What does this have to do with I-9s?
Clearly, this case represents the other end of the I-9 spectrum, which is reserved for those employers who knowingly hire unauthorized workers or engage in crimes that facilitate such actions (human trafficking, alien smuggling, document fraud, abuse/exploitation, etc.) But, it’s important to remember that I-9 compliance and verification failures are an extremely slippery slope (as mentioned above), and often indicative of a much larger problem that could easily spin out of control. This risk is especially severe for those organizations who fall into one of the government’s high-risk (and thus high-priority) profiles. These include the following:
- Employers involved in matters of national security, including critical infrastructure such as airports and military installations
- Employers with a high percentage of undocumented workers (who are more likely, according to the government, to ignore I-9 and E-Verify requirements and in some cases actively recruit unauthorized employees)
- Employers with a history of Department of Labor wage and hour violations and/or OSHA violations (in other words, those who are seen as potentially taking advantage of employees generally)

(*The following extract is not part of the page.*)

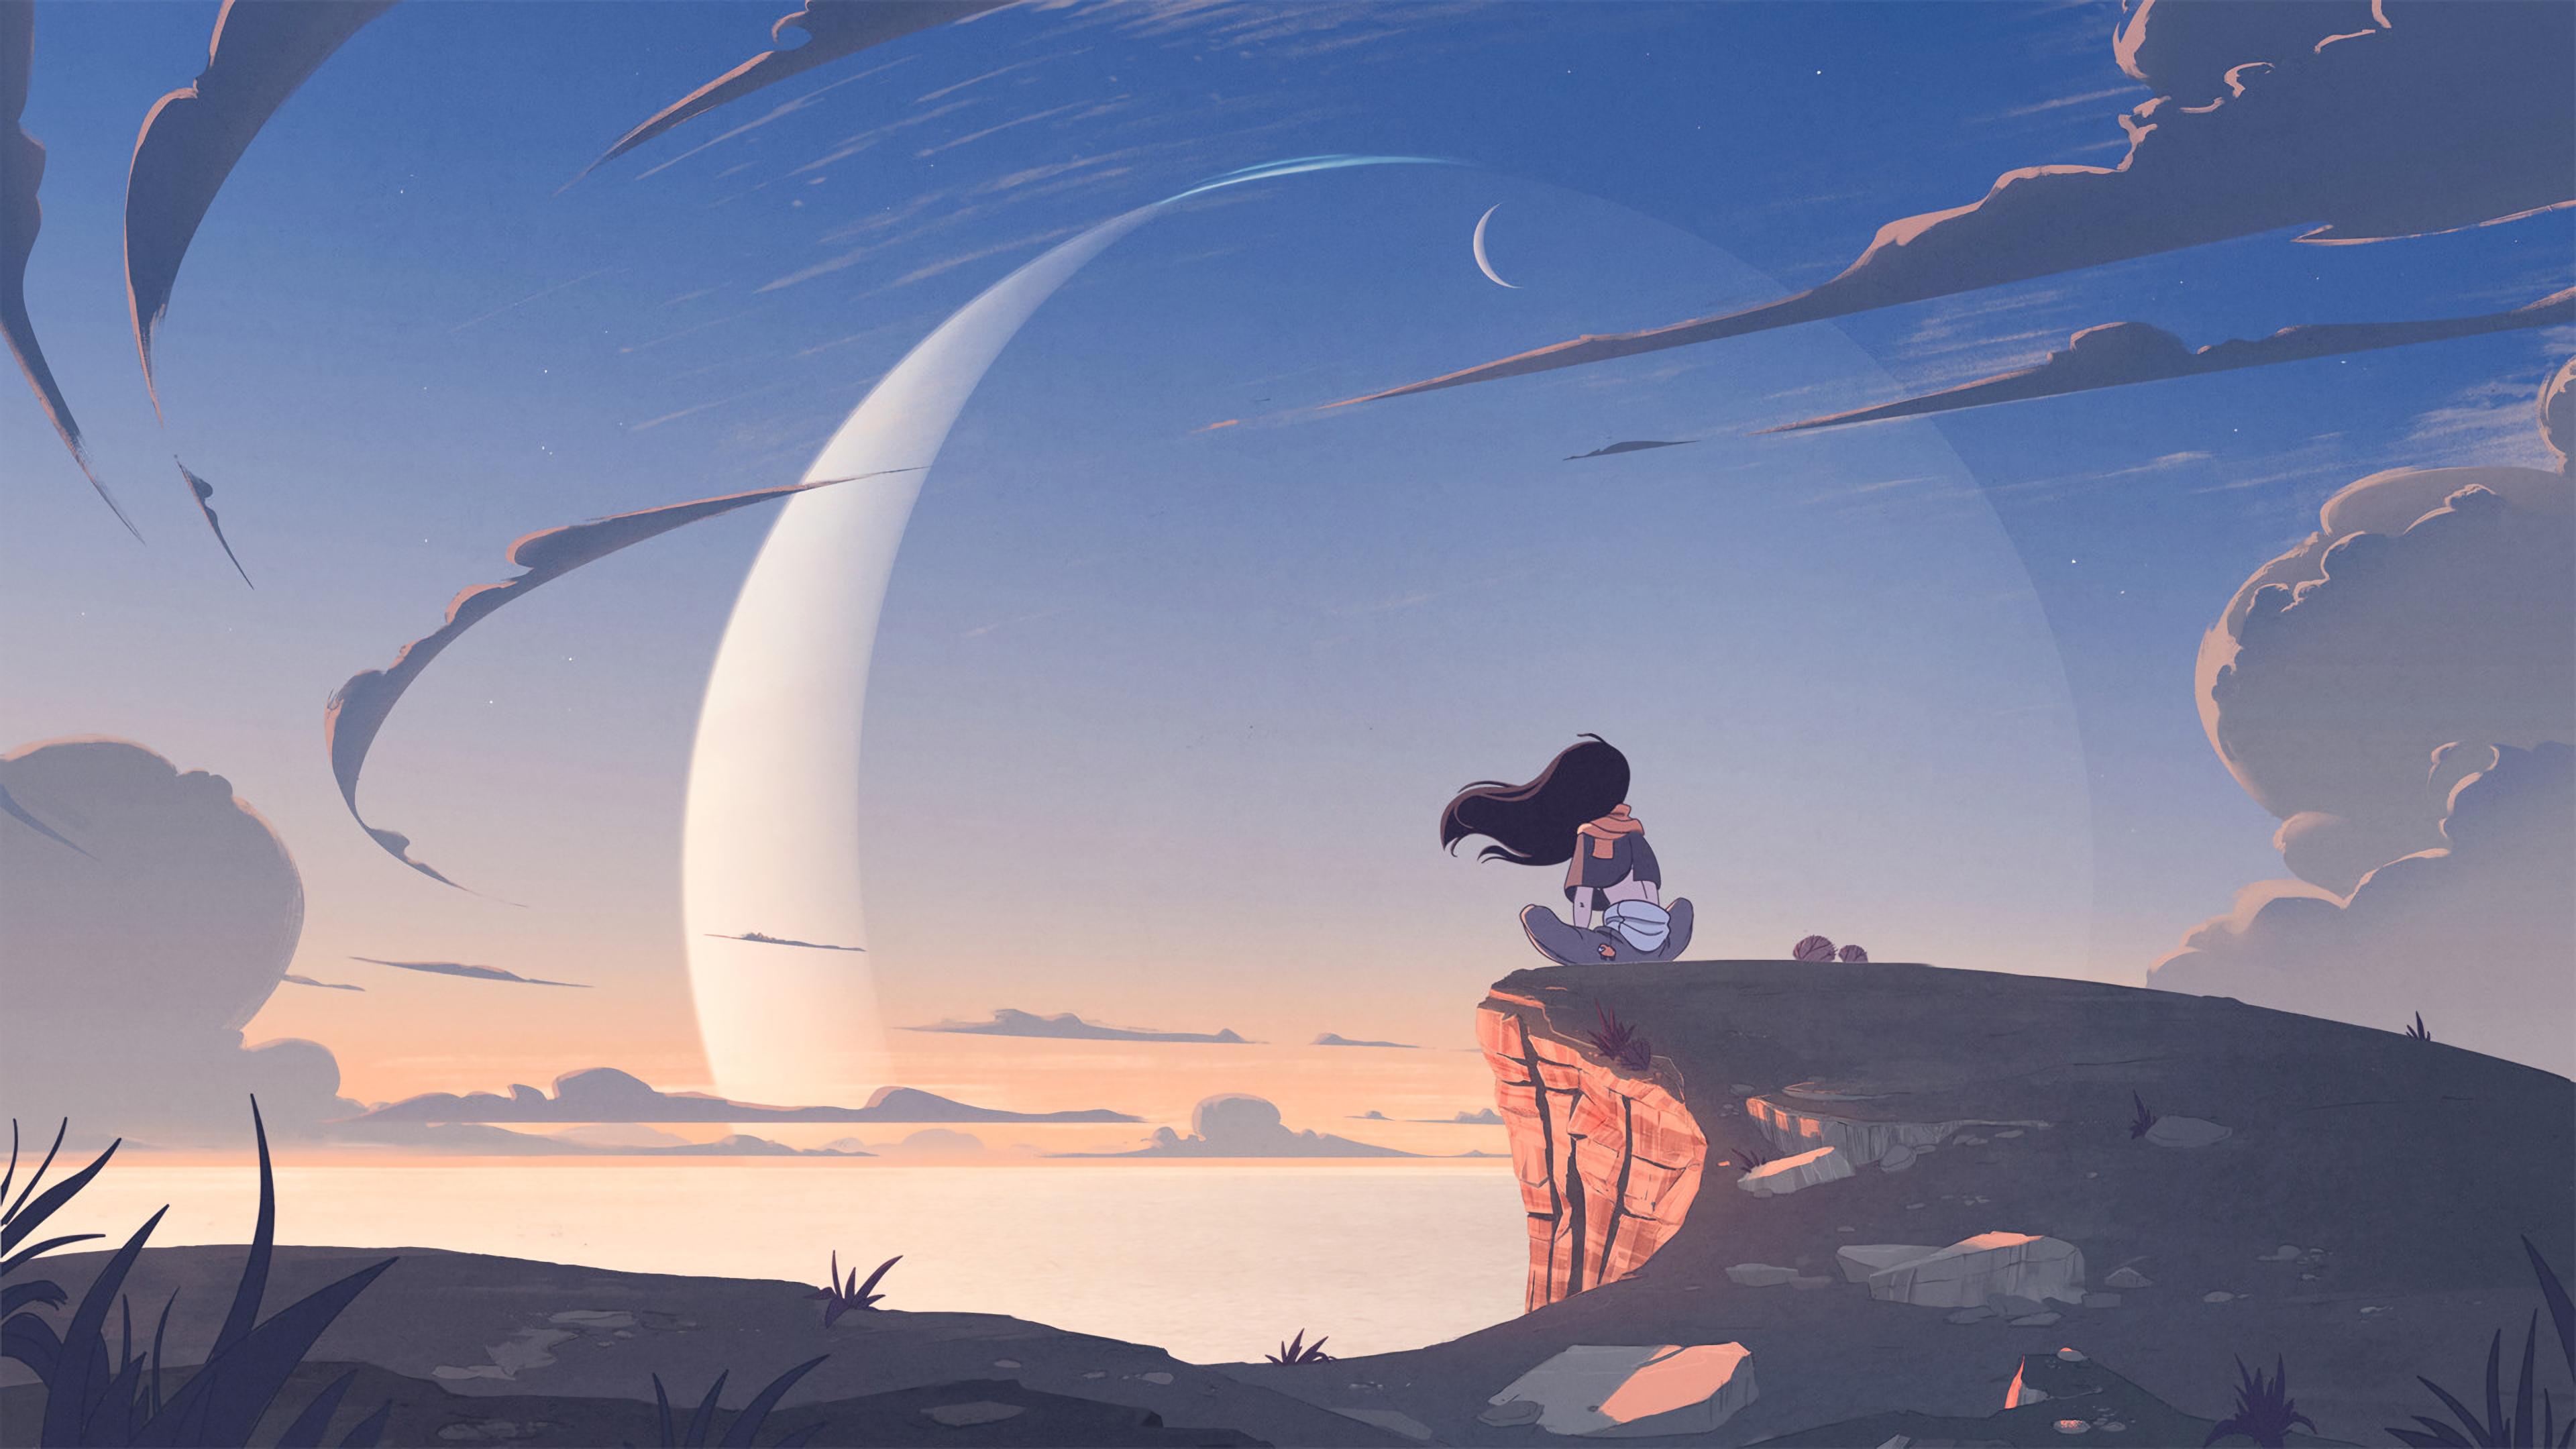 anime girl alone at mountain cliff 1578253911 - Anime Girl Alone At Mountain Cliff -

- Large organizations (especially those who maintain franchisor/franchisee relationships), who often have a very well known brand (and represent a very attractive target for the government!)

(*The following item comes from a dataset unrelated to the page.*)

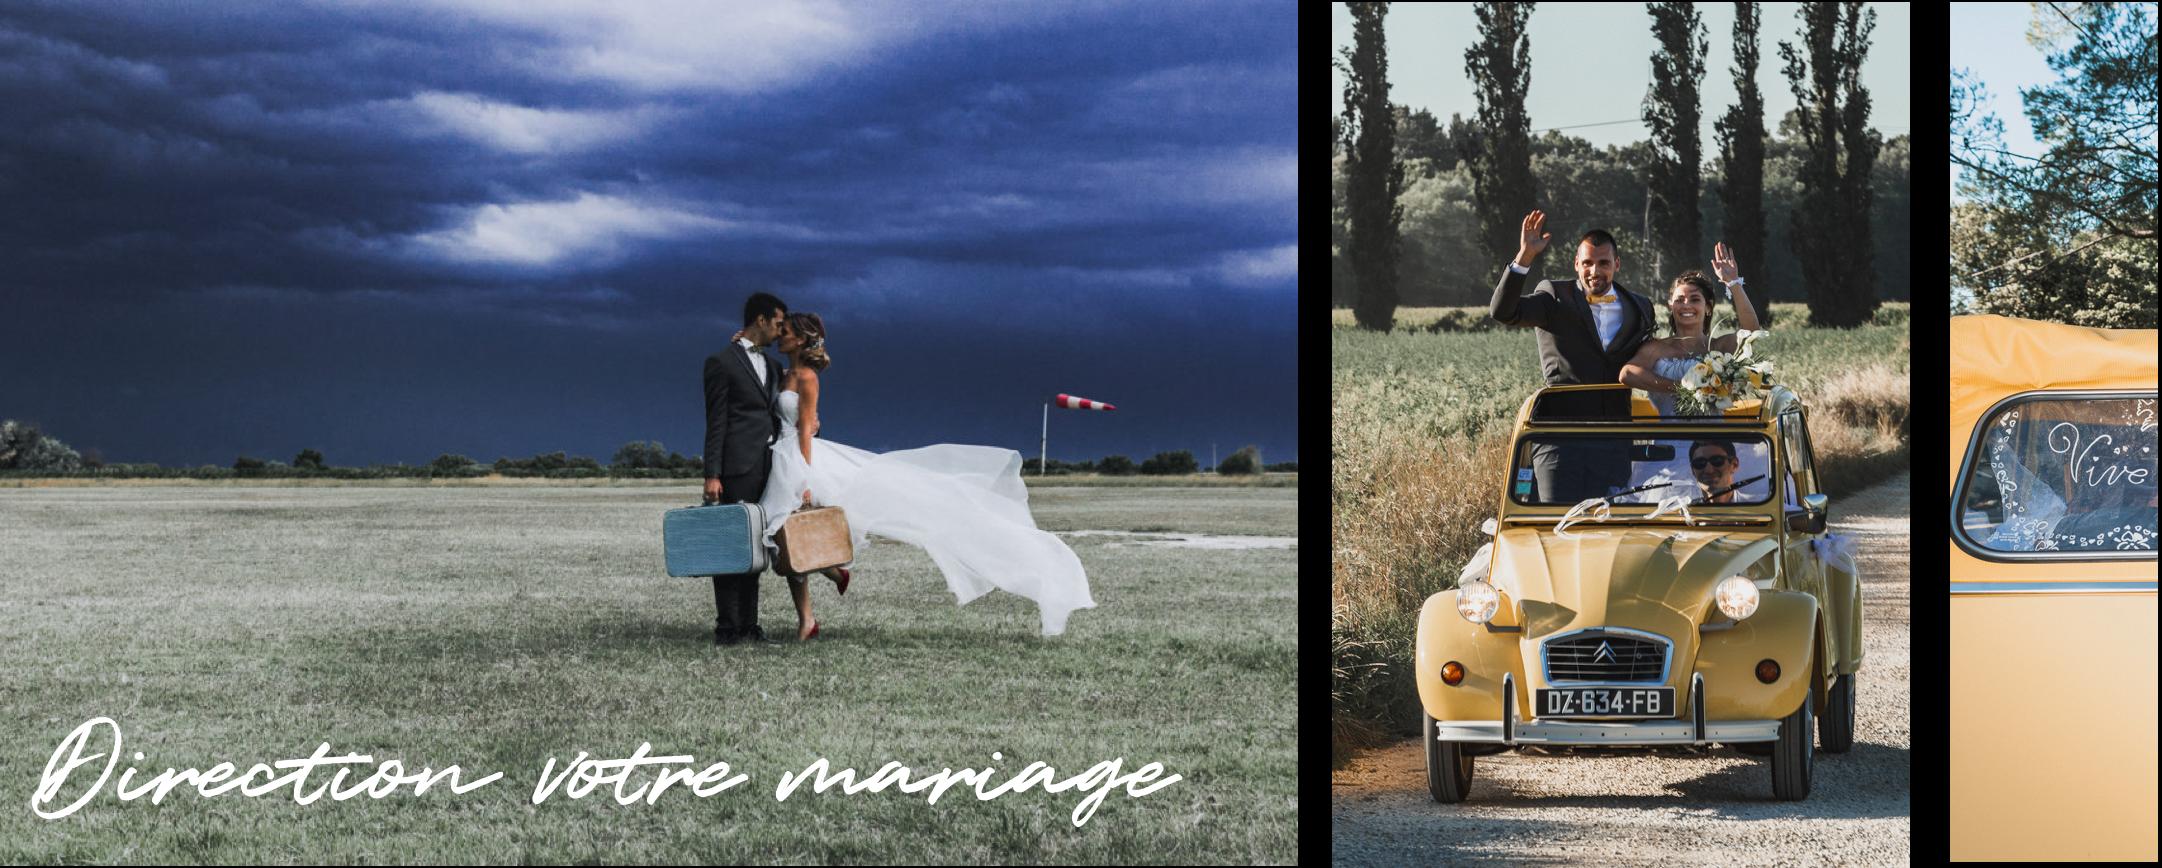 Alan laureau Photographe de mariage en Provence

As we have described in the past, the best defense against a possible ICE investigation (whether it relates to I-9 violations or something more severe) is to proactively develop a comprehensive immigration worksite compliance program, which addresses any potential weaknesses. Although there is no “one size fits all” policy, the following steps are generally considered best practices in the industry:
1. Contact experienced immigration counsel to guide you through a detailed examination of your I-9 and E-Verify compliance practices. For a list of some of the best ‘in the know’ immigration counsel specializing in I-9 compliance, please see our list of guest attorney bloggers here.
2. Provide continual I-9 training for all those employees who are charged with ensuring the proper completion of the form.
3. Draft and implement consistent and uniform Form I-9 processes and procedures to ensure compliance throughout your organization and defend against potential discrimination claims for employees who feel that they have been treated differently.
4. Adopt a comprehensive and trusted electronic I-9 and E-Verify solution, which has been designed with compliance in mind from the ground up. Ensure the system has been vetted by immigration counsel and meets the most conservative interpretation of the regulations, especially in light of ICE’s guidance on evaluating electronic systems. And finally, be careful of those vendors making overly broad claims that your electronic I-9 system will magically cleanse or eradicate all mistakes. As this case illustrates, there is always a human element in complying with immigration laws. Or put more simply, if it’s too good to be true…[you know the rest.]